A grama do vizinho...
...é sempre mais verde do que a nossa. Passamos a vida fazendo comparações. Falta algo em mim que está sobrando no outro. Temos uma tendência natural de imaginar que fulano é mais feliz, mais rico, mais tranqüilo que nós. Como não somos o travesseiro de ninguém, seria bom se começássemos a perceber como essas especulações são enganosas. Cada um aprende a lidar de forma específica com os talentos ou carências que têm e vai se adaptando aos fatos que provocam felicidade ou desgraça, na medida em que eles surgem.Quantas angústias seriam evitadas diante da compreensão, simples e objetiva, de que não importa o quão cercados de benesses estamos, sejam elas físicas, materiais ou afetivas, se não temos os mecanismos internos para usufruí-las. Exemplo: conheço pessoas belíssimas que se acham muito sem graça. Analisando-se friamente, é quase impossível imaginar que não se sintam bafejadas pelos deuses, em termos estéticos. Mas quais trocariam de bom grado seu biotipo, se lhes fosse dada essa oportunidade? Outros tantos, sedutores em sua capacidade intelectual, donos de enorme cultura, sentem-se destituídos cerebralmente. E, já que estamos exemplificando, como esquecer desse grupo que aparentemente se sobressai dos demais, o dos arrogantes, mas que, em última instância, se utilizam dessa postura para ocultar uma enorme insegurança?
É mais fácil estabelecer um julgamento baseado unicamente naquilo que aparece e que se pressupõe seja a nossa imagem real. E, de fato, quase todo mundo a compra como sendo. Mas é só vasculhar rapidamente a nossa vida para perceber que aquilo que muitas vezes motiva a inveja alheia pode ser fonte de sofrimento e apreensão. Todo julgamento é parcial e atinge somente a primeira camada, a das aparências. Um substrato mínimo de autoconhecimento é necessário para que possamos gastar nossos dias com mais tranqüilidade. Uma compleição física razoável ajuda. Um trabalho que não nos obrigue a passar longas horas fazendo tarefas repetitivas, também. Amor e sexo, bom humor e saúde, idem. Mas são apenas pontos de partida para realidades que não obedecem a nenhum enquadramento lógico.

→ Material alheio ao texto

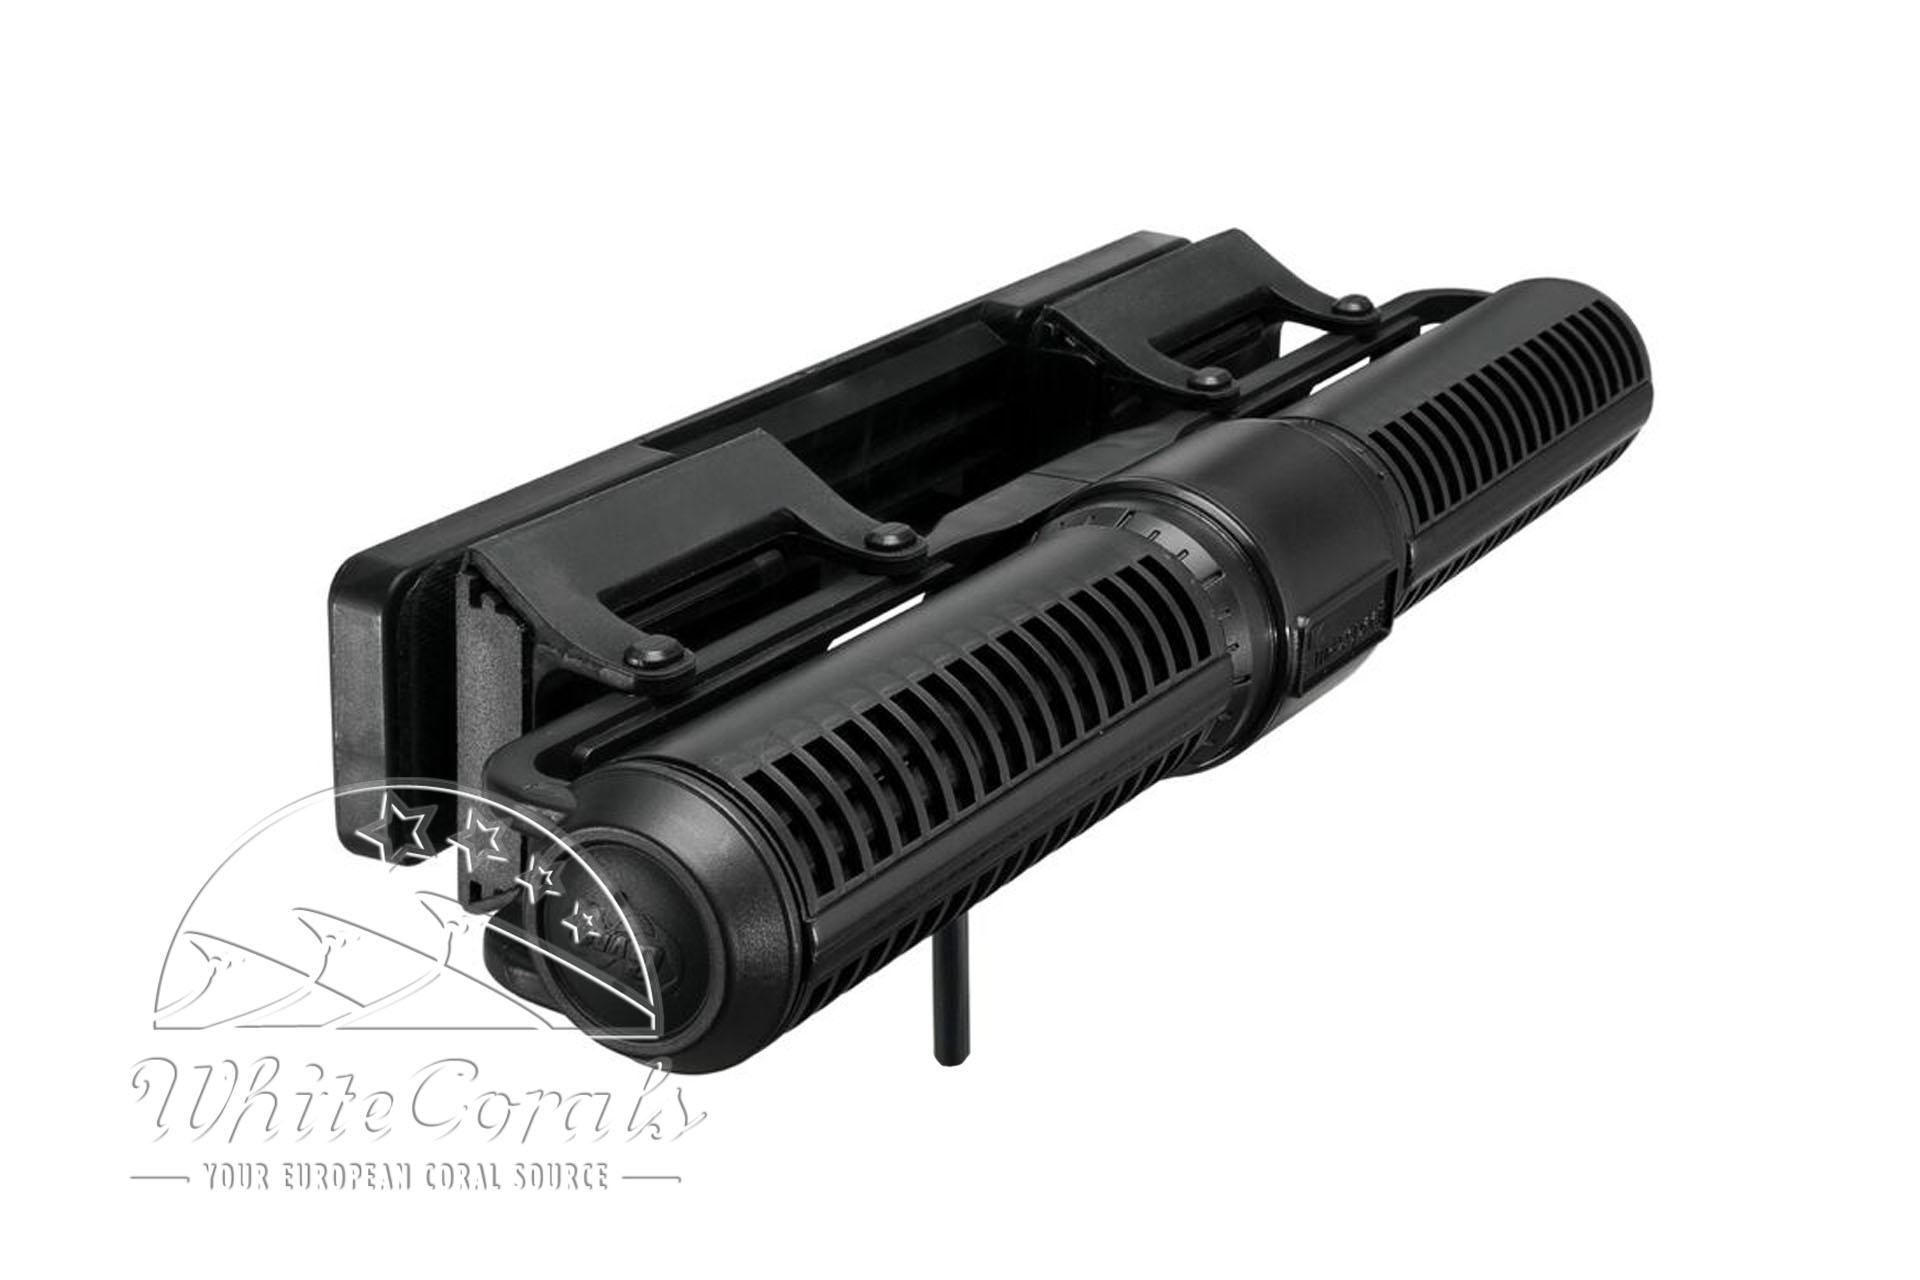 Maxspect Gyre XF-280 Pumpe und Netzteil

A felicidade dos outros parece ser o resultado de uma equação cujos elementos não estão em nós. Talvez essa crença seja a maneira mais fácil de justificar nossa incapacidade de lidar melhor com o que nos pertence. Pode-se dizer, de uma forma simples, que o sentir se sobrepõe ao ser. No pequeno universo de nossas ações ordinárias, retomemos o conceito de que é preciso perder para ter a compreensão da real importância que as coisas têm. A imaginação é febril e gosta de espiar aquilo que não nos pertence. Enquanto isso, somos corroídos pelo tempo, e o que parecia ser fonte de preocupação ou, por outro lado, ser destituído de valor, revela-se precioso na ordem natural da existência.
São dez horas da manhã de uma segunda-feira, quando escrevo este texto. Meus pensamentos se distraem da tela do computador. Pela janela entreaberta vejo as folhas dos manacás caindo sobre a terra. Meus dois cachorros, Nicolau e Lilica, fazem seu passeio matinal pela grama orvalhada. Um pássaro, vermelho e amarelo, pousa num galho seco e fica parado por um tempo que me parece irreal. Por alguns instantes, a minha grama é mais verde que a do vizinho. Sei que sou privilegiado por esse silêncio que me cerca. E porque nada perturba minha observação do mundo e de mim mesmo. Mas são percepções provisórias, bem o sei. Logo estarei de volta a um universo de comparações, de dúvidas e lamentos. O tom do verde vai se alterando na medida em que se altera a nossa capacidade de absorver o sentido real do que nos toca. Preciso lembrar mais vezes dos versos de Fernando Pessoa: "Segue o teu destino/ Rega as tuas plantas/ Ama as tuas rosas./ O resto é a sombra de árvores alheias."
É só o foco que está errado. Às vezes, um pequeno ajuste nas lentes provoca uma mudança radical. Quando encontro uma pessoa muito, mas muito pessimista, inevitavelmente procuro o que pode haver de tão ruim em sua vida. E quase nunca encontro. Mas não há nada mais inútil do que ficar mostrando para ela as tantas coisas boas que estão em seu cotidiano. É como tentar explicar as cores para um cego. Nós nunca vemos o que existe. Tudo é filtrado pelo nosso eu. A salvação é um facho de luz voltado para dentro de si. Pastores, padres, curandeiros ou mesmo terapeutas só podem tentar traduzir. Raramente são capazes de reconfigurar. Quem muda a cor da grama somos nós mesmos.